What you have is sequential and hence sequential processing.
Also Spark/Scala are not parallel programming languages.
But even if they were, statements are executed sequentially unless you exploit
the parallel/concurrent execution features.
Anyway, see if this works:
val (RDD1, RDD2) = (JavaFunctions.cassandraTable(...),
val (RDD3, RDD4) = (RDD1.flatMap(..), RDD2.flatMap(..))
I am hoping that Spark being based on Scala, the behavior below will apply:
scala> var x = 0
x: Int = 0
scala> val (a,b) = (x + 1, x+1)
a: Int = 1
b: Int = 1
From: Cassa L <lcas...@gmail.com>
Date: Friday, October 27, 2017 at 1:50 AM
To: Jörn Franke <jornfra...@gmail.com>
Cc: user <u...@spark.apache.org>, <firstname.lastname@example.org>
Subject: Re: Why don't I see my spark jobs running in parallel in
Cassandra/Spark DSE cluster?
No, I dont use Yarn.
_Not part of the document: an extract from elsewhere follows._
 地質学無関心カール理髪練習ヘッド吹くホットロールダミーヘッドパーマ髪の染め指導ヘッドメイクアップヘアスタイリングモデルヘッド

This is standalone spark that comes with DataStax
Enterprise version of Cassandra.
On Thu, Oct 26, 2017 at 11:22 PM, Jörn Franke
Do you use yarn ? Then you need to configure the queues with the right
scheduler and method.
On 27. Oct 2017, at 08:05, Cassa L
I have a spark job that has use case as below:
RRD1 and RDD2 read from Cassandra tables. These two RDDs then do some
transformation and after that I do a count on transformed data.
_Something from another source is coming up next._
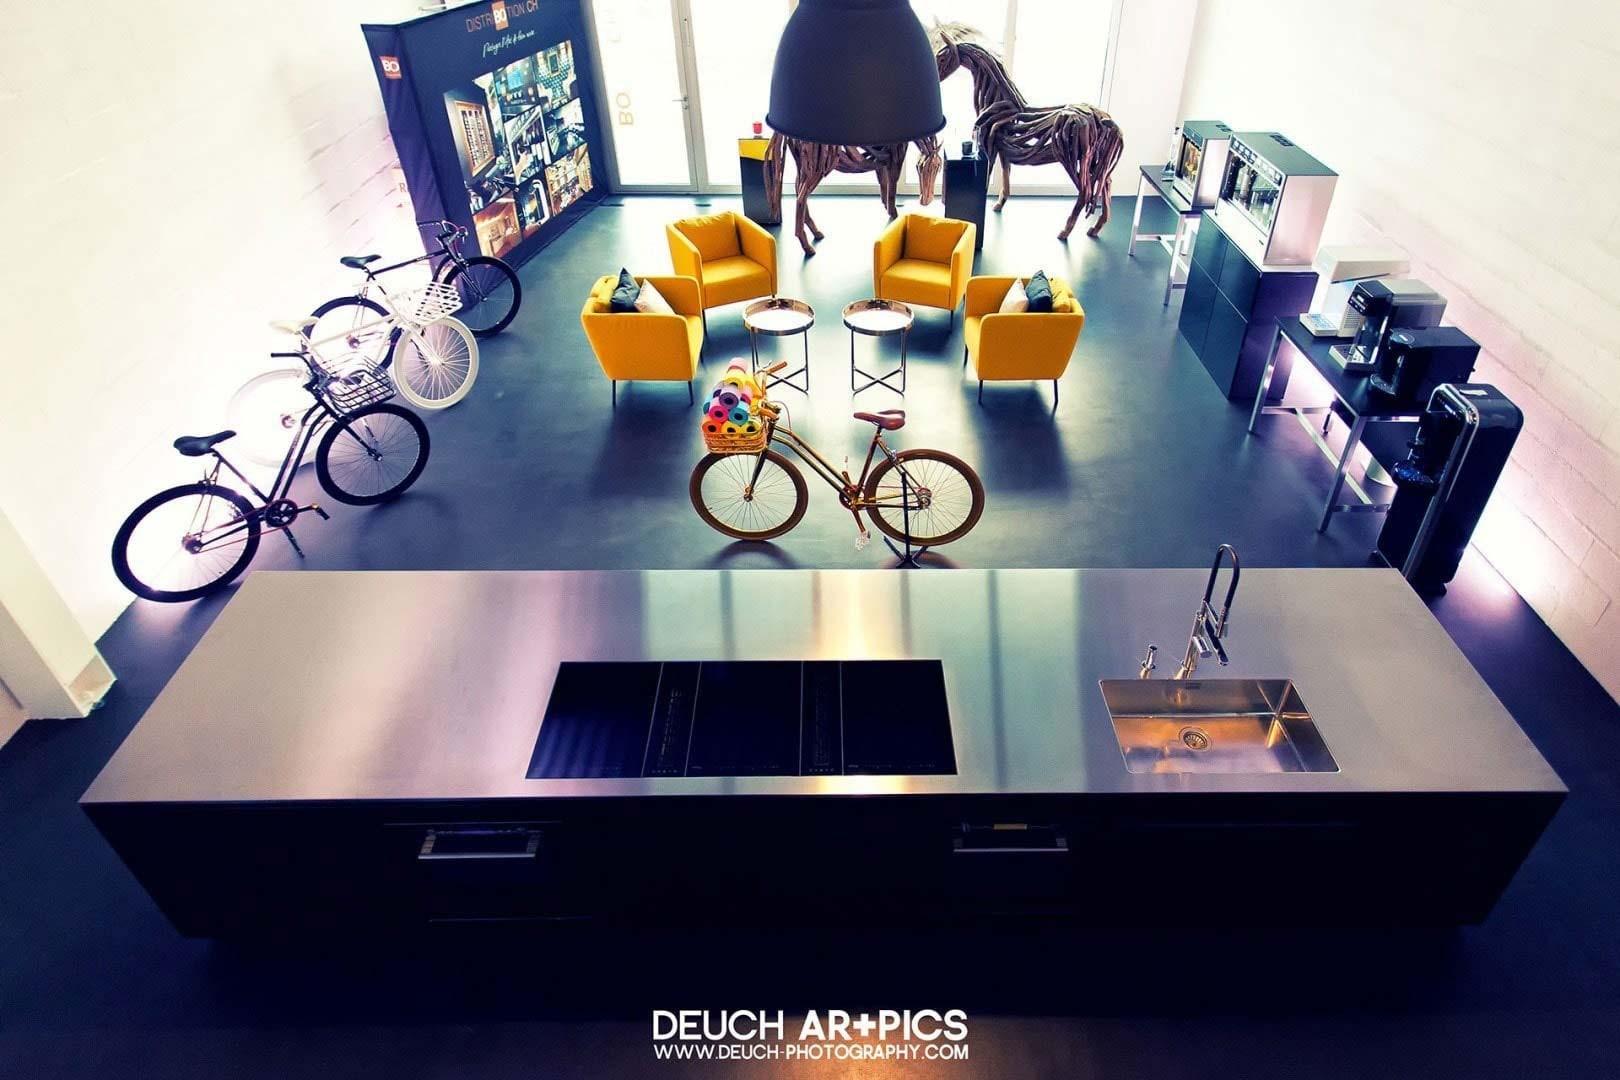 deuch-photography-photographe-interieur-suisse-lausanne

Code somewhat looks like this:
RDD3 = RDD1.flatMap(..)
RDD4 = RDD2.flatMap()
In Spark UI I see count() functions are getting called one after another. How
do I make it parallel? I also looked at below discussion from Cloudera, but it
does not show how to run driver functions in parallel. Do I just add Executor
and run them in threads?
<Screen Shot 2017-10-26 at 10.54.51 PM.png>Attaching UI snapshot here?